Lastly, after looking at some of the additional items added to war memorials to ‘adapt’ the message – I had to ask myself what happened in 1940-1944. Once again my guide Zac to the rescue. Since almost all the WWI memorials were completed in the 1920s and 1930s, It occurred to me that if these memorials of the WWI victors was offensive to Germany, they would have destroyed them when France was occupied by Nazi forces in WWII. Zac produced a picture of Hitler touring the Vimy Memorial. Despite the other policies of the Reich, there was a general order that none of the memorials were to be touched. And with the exception of some scrounging of iron from some sites to be sold as scrap because the lack of raw materials.

A last story of was of the 51st Highland memorial at Beaumont Hamel, apparently there was some looting of metal artifacts at the site and a scaffolding was erected to remove the large solider at the top of the monument. When this was observed by a passing allied (RAF) fighter pilot, daily strafing runs were conducted to ‘discourage’ this from happening.

Moral of this story – well the easiest one – go to these places, talk to the guides – what you find is amazing.

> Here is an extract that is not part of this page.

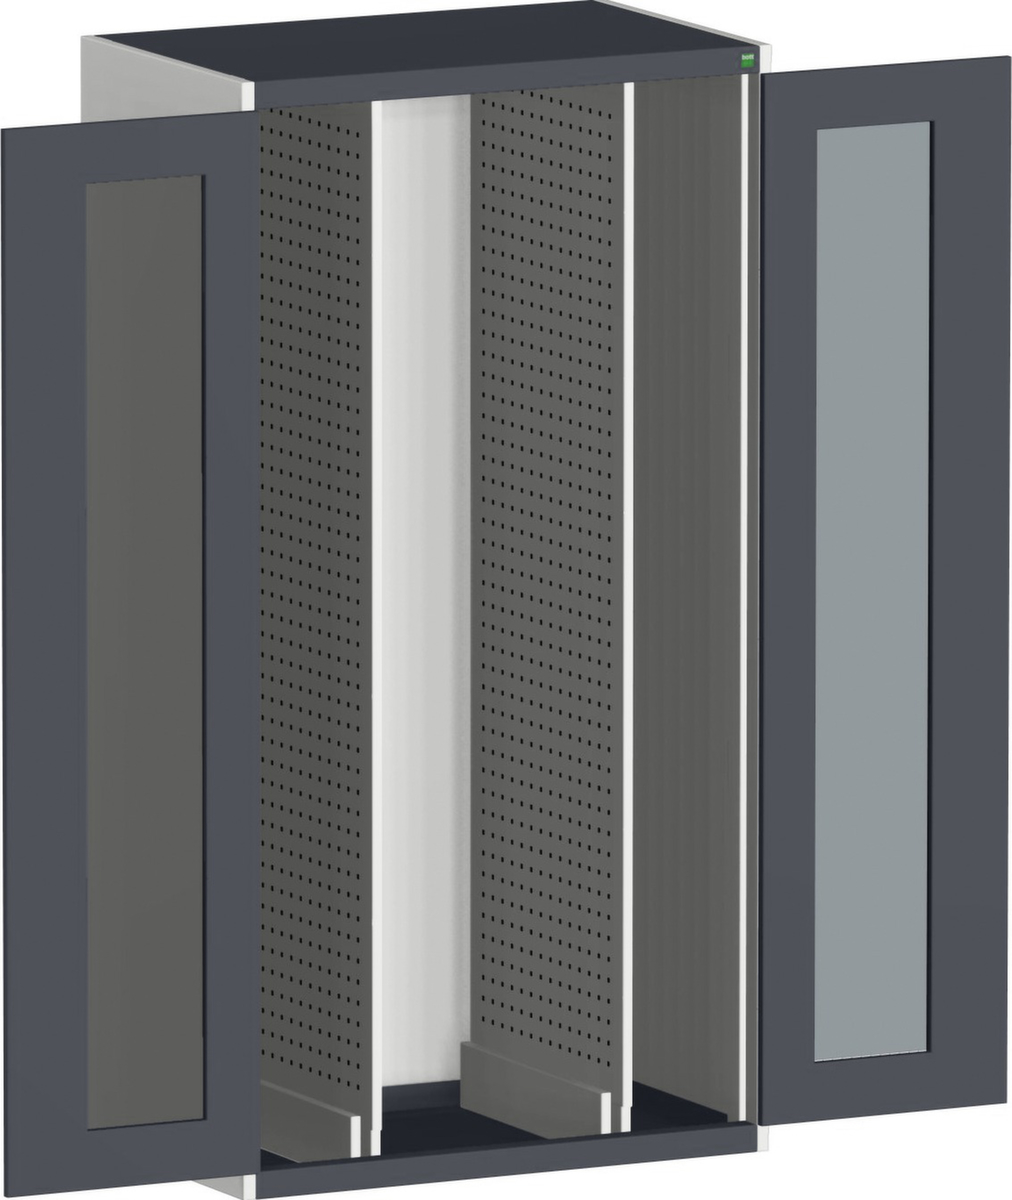 bott Armoire verticale cubio, 2 extensions, RAL7035 gris clair/RAL7016 gris anthracite  ZOOM

Tomorrow, I follow the final battles of the Canadian Army in World War I, with the advance on Canal d’Nord and Cambrai.

Tour of tunnels, walk to the top of hill 145.
Thanks to a miscommunication on the tour booking, apparently they thought I was a tour group not an individual so they booked the entire 10AM tour in my name. As a result I had a personal tour of the tunnels of Vimy Ridge. The tunnel system was incredible well developed. It extended kilometers into the rear. The tunnels themselves are primarily 33ft below the surface, away from most dangers. they are 6-foot high and wide enough to allow 2 soldiers to pass in full gear. Various chambers allow for medical treatment, supplies, command and communication. A limited electrical system provided some light in 1917.

below the main tunnels, fighting tunnels were dug to try an intercept enemy tunnel systems. Either by breaking into them, collapsing them, or placing large amounts of explosives for cratering activity. The results of the British 1916 – Grange crater then became the edge of the combat line. In this cast the forward positions of Canadian and German forces were about 25m apart. Apparently, keeping your head down was a good policy for both sides.

The area was occupied by Canadian Forces for about 8 months prior to the main battle. Although the sniping, artillery, and mortar fire would be a daily occurrence.

On the top of hill 145 the view is commanding. Making the military value of the position obvious.

Finished this morning’s travel with a stop at the German Cemetery at Neuville St Vaast.